I am that flaky friend this year. Two big things are making me flaky: a really shitty year of health issues, and a tumultuous relationship with my on/off boyfriend. The former happens randomly and renders me ill at odd hours, the latter has just beeen really hard. Money woes have also limited my hang out time. It might be that this girl's pride/ego is too sensitive and she can't bring herself to tell you why she keeps bailing, but that's no excuse. COnfront her gently, and go from there.
posted by These Birds of a Feather at 2:49 PM on November 27, 2011 [1 favorite]

There was a question like this before- it sounds like she is a very good work friend. Not a 'regular life' friend. Enjoy her company at work and leave it at that.
posted by bquarters at 4:33 PM on November 27, 2011

Response by poster: In reply to a few of your questions, yes i have met her boyfriend he is real but they rarely see each other. And we have made plans for friday, i told her i'd let her know a movie time so after that its up to her if she shows up or not.

Thank you for everyones advice so far!
posted by ohtimorousme at 6:55 PM on November 27, 2011

The hardest part about flaky friends is choosing not to see her behavior as a diss upon yourself, or your worthwhileness as a friend. I don't think chronically flaky people get that their unreliability can be interpreted as a rather mean snub. The connection just isn't there.

I had this one flaky friend who (after a long series of incidents that included me calling her out for her flakiness) invited me to her birthday party later on in the evening, agreeing to call me with information to meet up. She seemed really interested in having me there, and I wanted to believe that she would stop her habit of breaking plans. So I got a present and wrapped it and then ... no contact from her. I was busy with my regular evening stuff and didn't even realize she'd forgotten me until it was too late. It was so typical of her I had to laugh. And she never remembered that she'd invited me. I just put her present back in my Present Box and let it go.

Some people are just like that. Don't let it get you down. They're the ones missing out.

You'd better believe that when my flaky friend gets excited about an event I'm organizing and asks for special adjustments to plans ("Oh, I really want to be there but I have XYZ, could we do it earlier/later?"), I'm politely inflexible. I treat her like a garnish to whatever is going on. Pretty addition, sure, but nobody holds off a nice meal because the parsley is missing.
posted by griselda at 2:18 AM on November 28, 2011 [3 favorites]

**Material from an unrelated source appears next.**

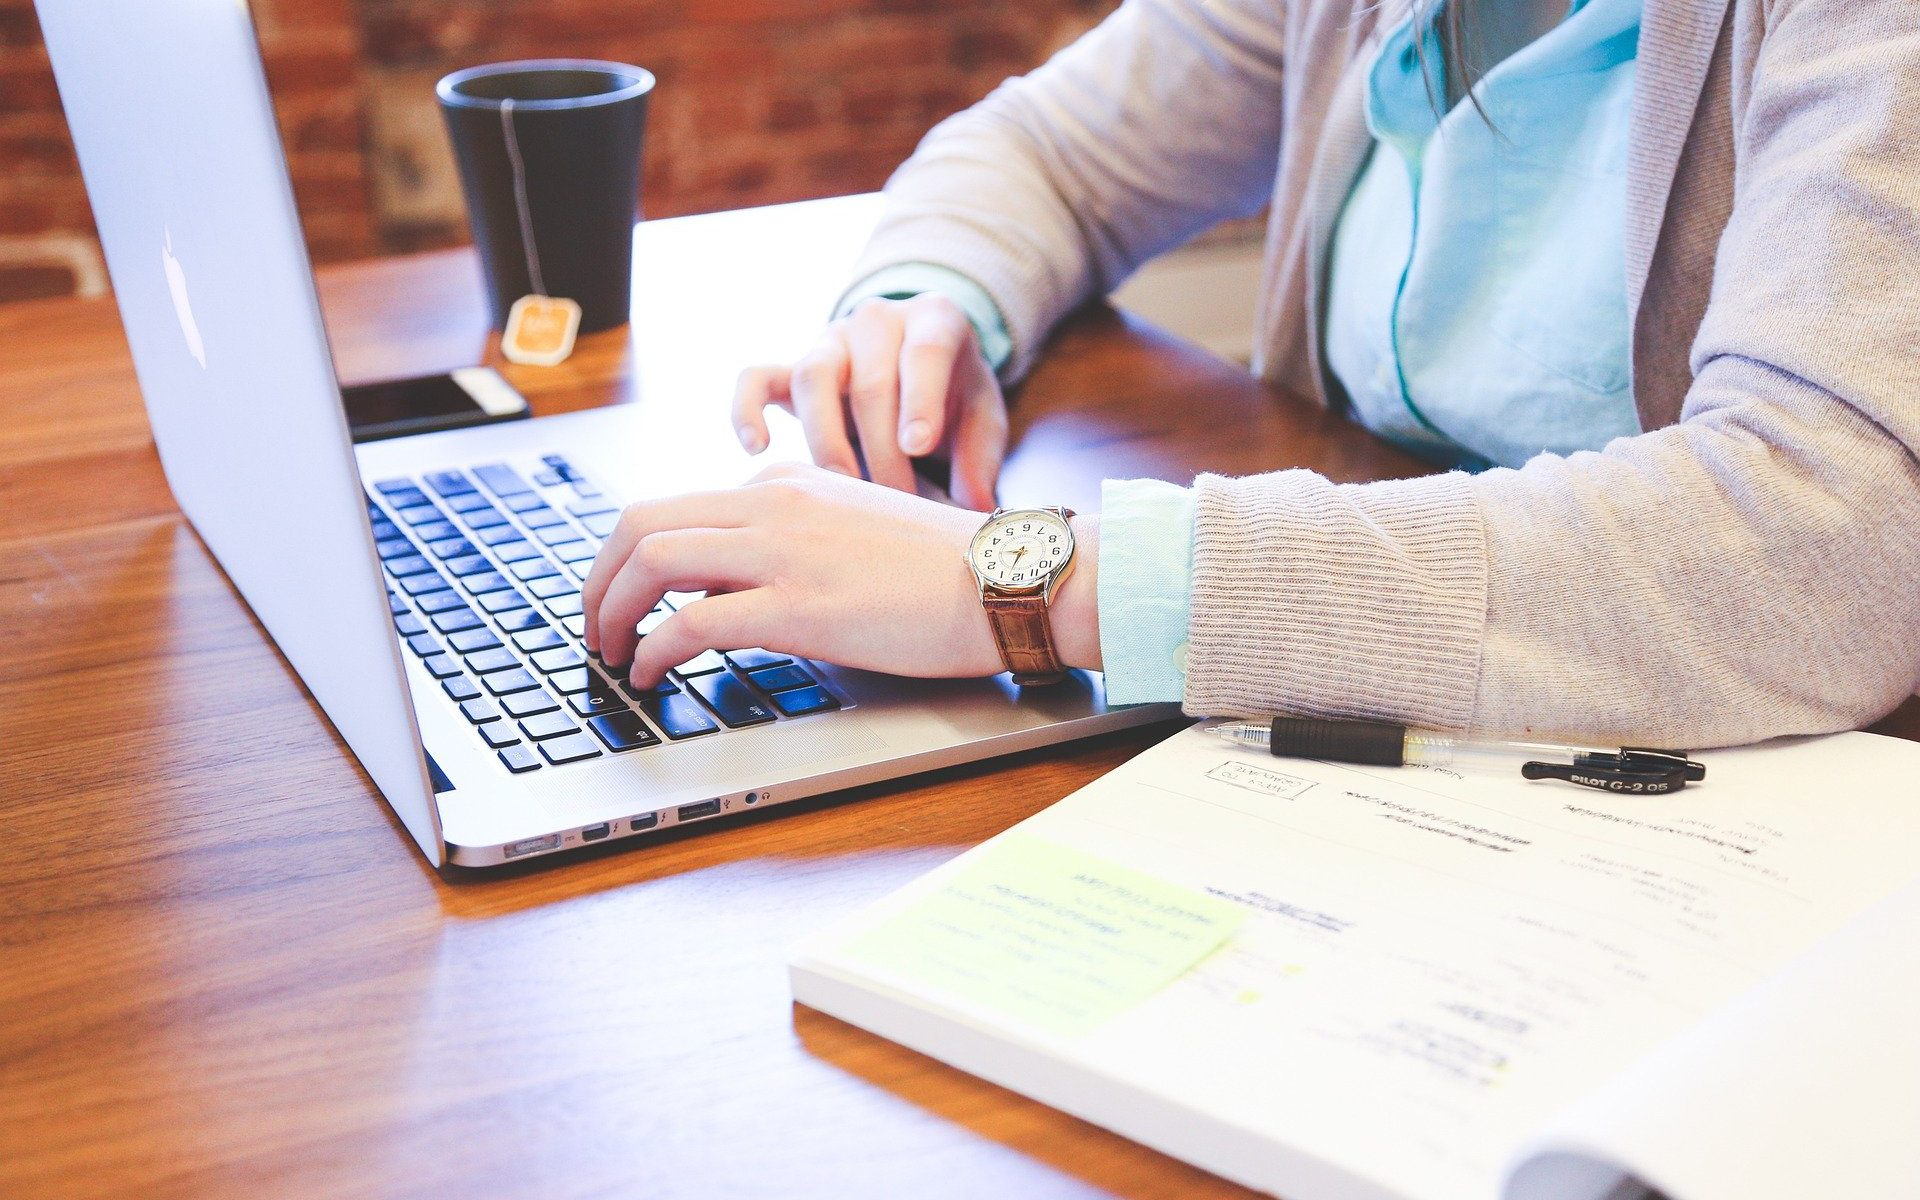 איך לבחור ספק אינטרנט - שייתן מענה לכל צרכי הארגון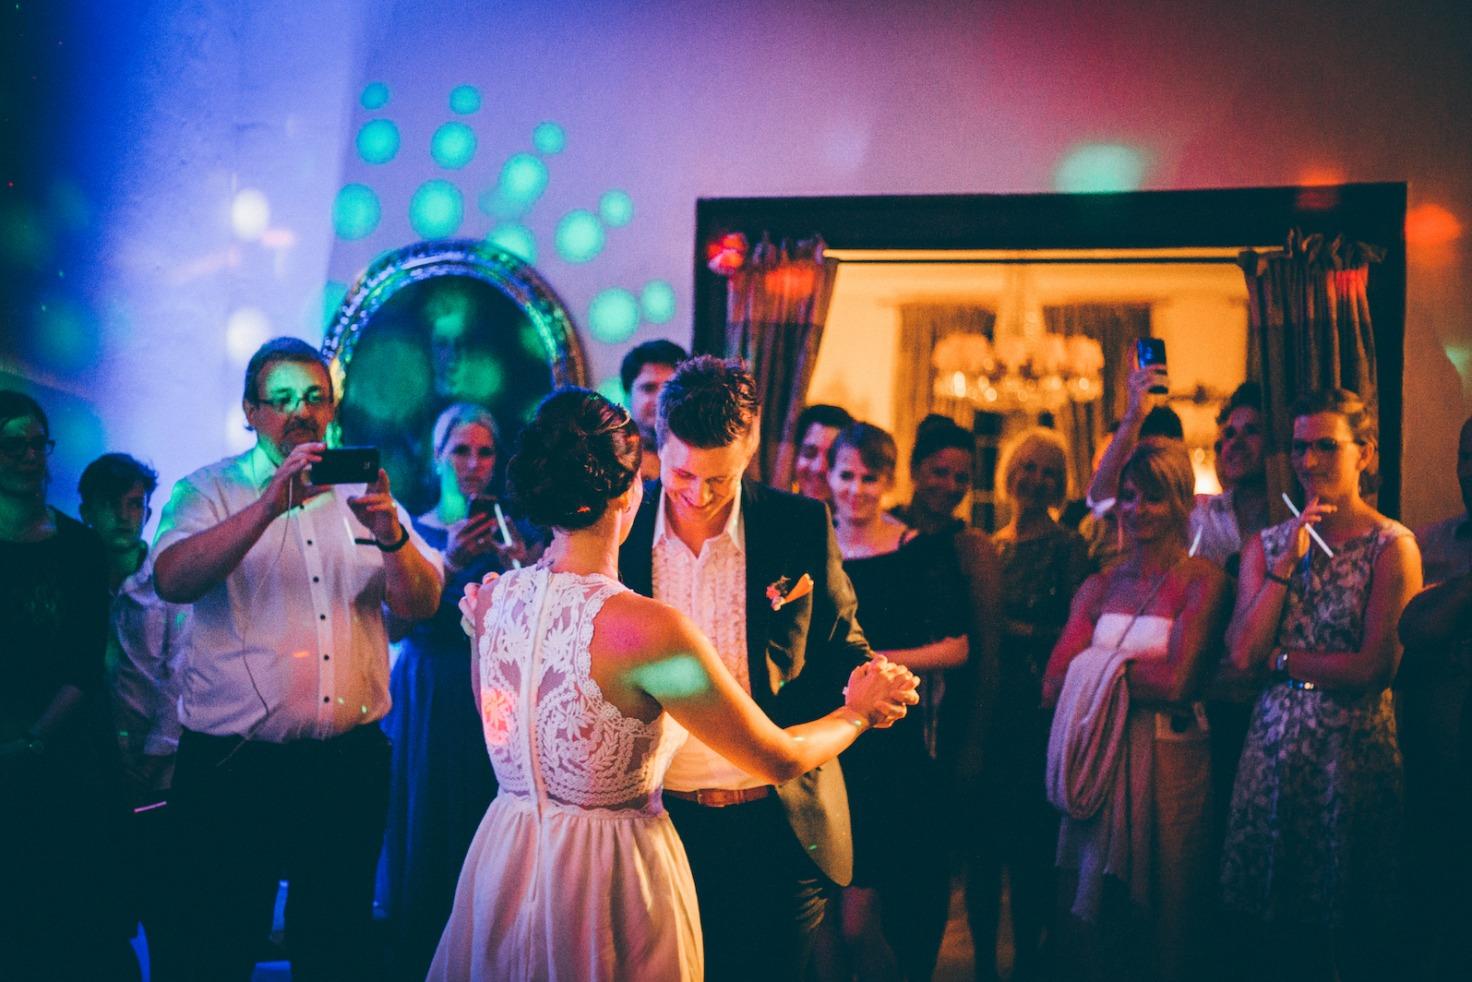 Hochzeit von Tine und Phillip in Münster: Brautpaar tanzt vor den Gästen

My cousin told me about a friend who was similar (would make plans and then show up at the appointed time on the wrong day or flake out in general). What he decided was that he would make plans with this person, but also have something alternate planned in case the friend didn't show up. So, if the dude flaked out, my cousin's day wouldn't be ruined.

The first few times this guy made plans and did the usual thing, my cousin went on with his alternate plans. Then came a day when they were supposed to go to a movie. Guy shows up at my cousin's house three hours late. My cousin told the guy he could come in and hang out, but that my cousin was involved in another task.

They eventually drifted apart, but my cousin felt a lot better that he took a stand instead of continuing to get stepped on.